Ia berharap para peserta mampu menerapkan pengetahuan yang diperoleh dalam setiap kegiatan di lingkungan masing-masing, mulai dari penyusunan acara, tata penghormatan, koordinasi dengan petugas protokol hingga pembagian tanggung jawab penyelenggara.
Alfasiah juga berharap Rakor Keprotokolan dapat dilaksanakan secara rutin agar pemahaman dan kemampuan petugas maupun penyelenggara kegiatan terus ditingkatkan.

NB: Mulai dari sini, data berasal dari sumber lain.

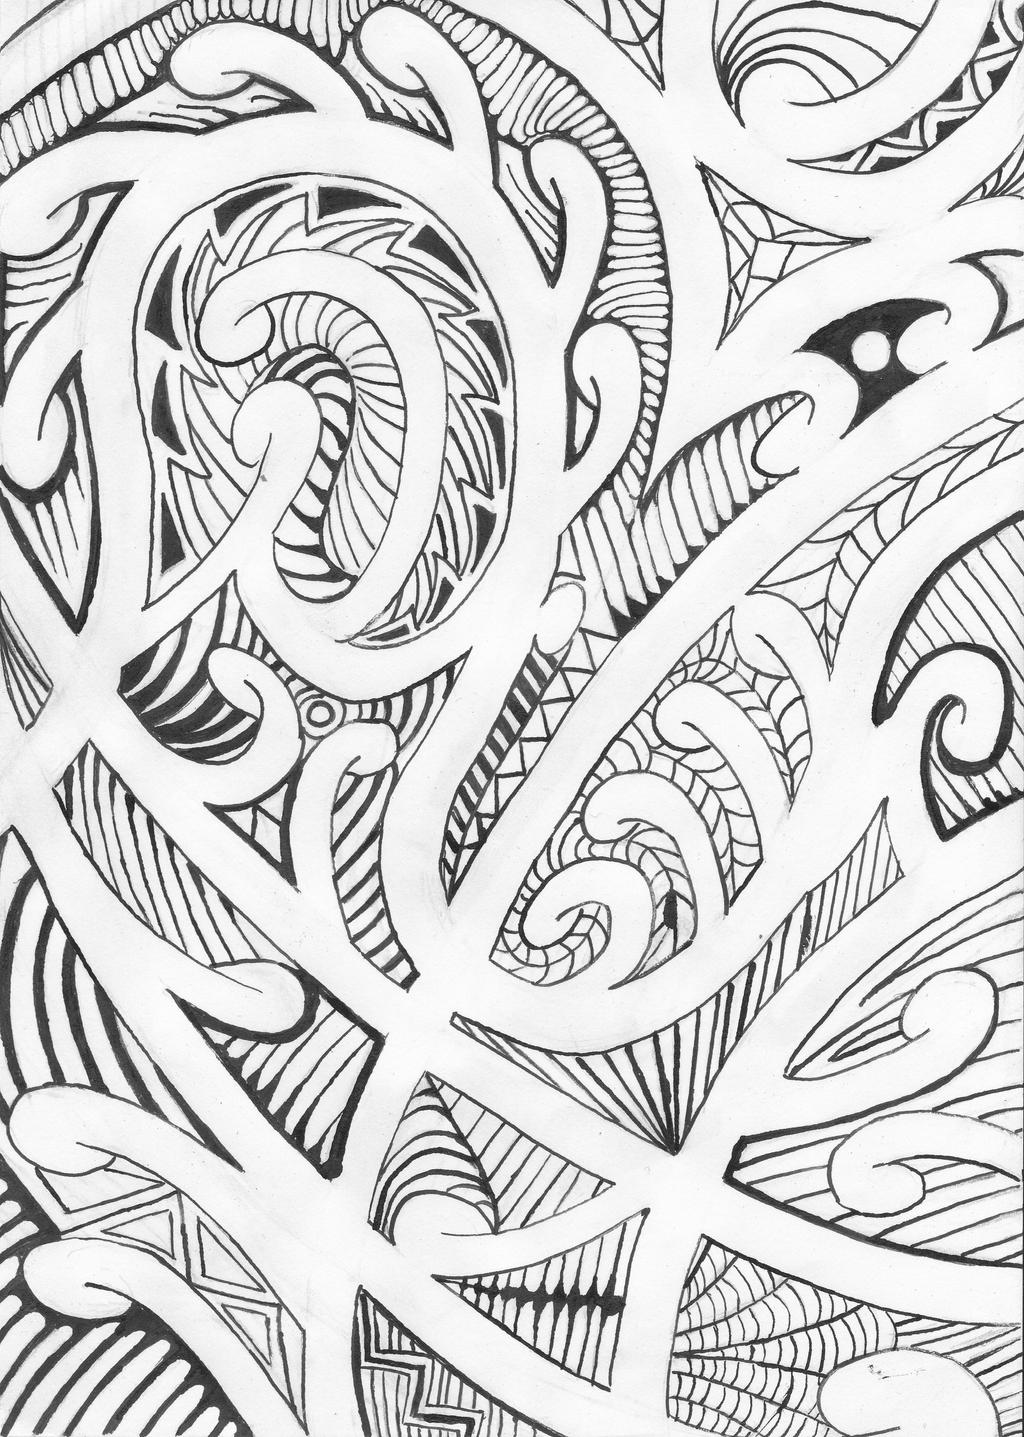 Maori Patterns and Designs

Rakor tersebut tidak hanya membahas tata acara dan tata penghormatan. Peserta juga mendapatkan pembekalan dari narasumber, yakni Kasubag TU Biro Administrasi Kepempimpinan Kementrian Dalam Negeri, Maftup Basuki, S.STP mengenai tata cara menjalankan tugas sebagai ajudan, sekretaris pribadi serta pengemudi pimpinan dan pejabat daerah secara baik dan profesional.
Materi tersebut menjadi bagian penting karena pelayanan terhadap pimpinan tidak berhenti pada pelaksanaan acara, tetapi mencakup kesiapan, etika, keamanan, komunikasi serta kemampuan mengantisipasi berbagai situasi selama menjalankan tugas.
Melalui Rakor ini, Pemkab Mimika berharap seluruh unsur yang berkaitan dengan pelayanan pimpinan memiliki pemahaman dan standar kerja yang sama.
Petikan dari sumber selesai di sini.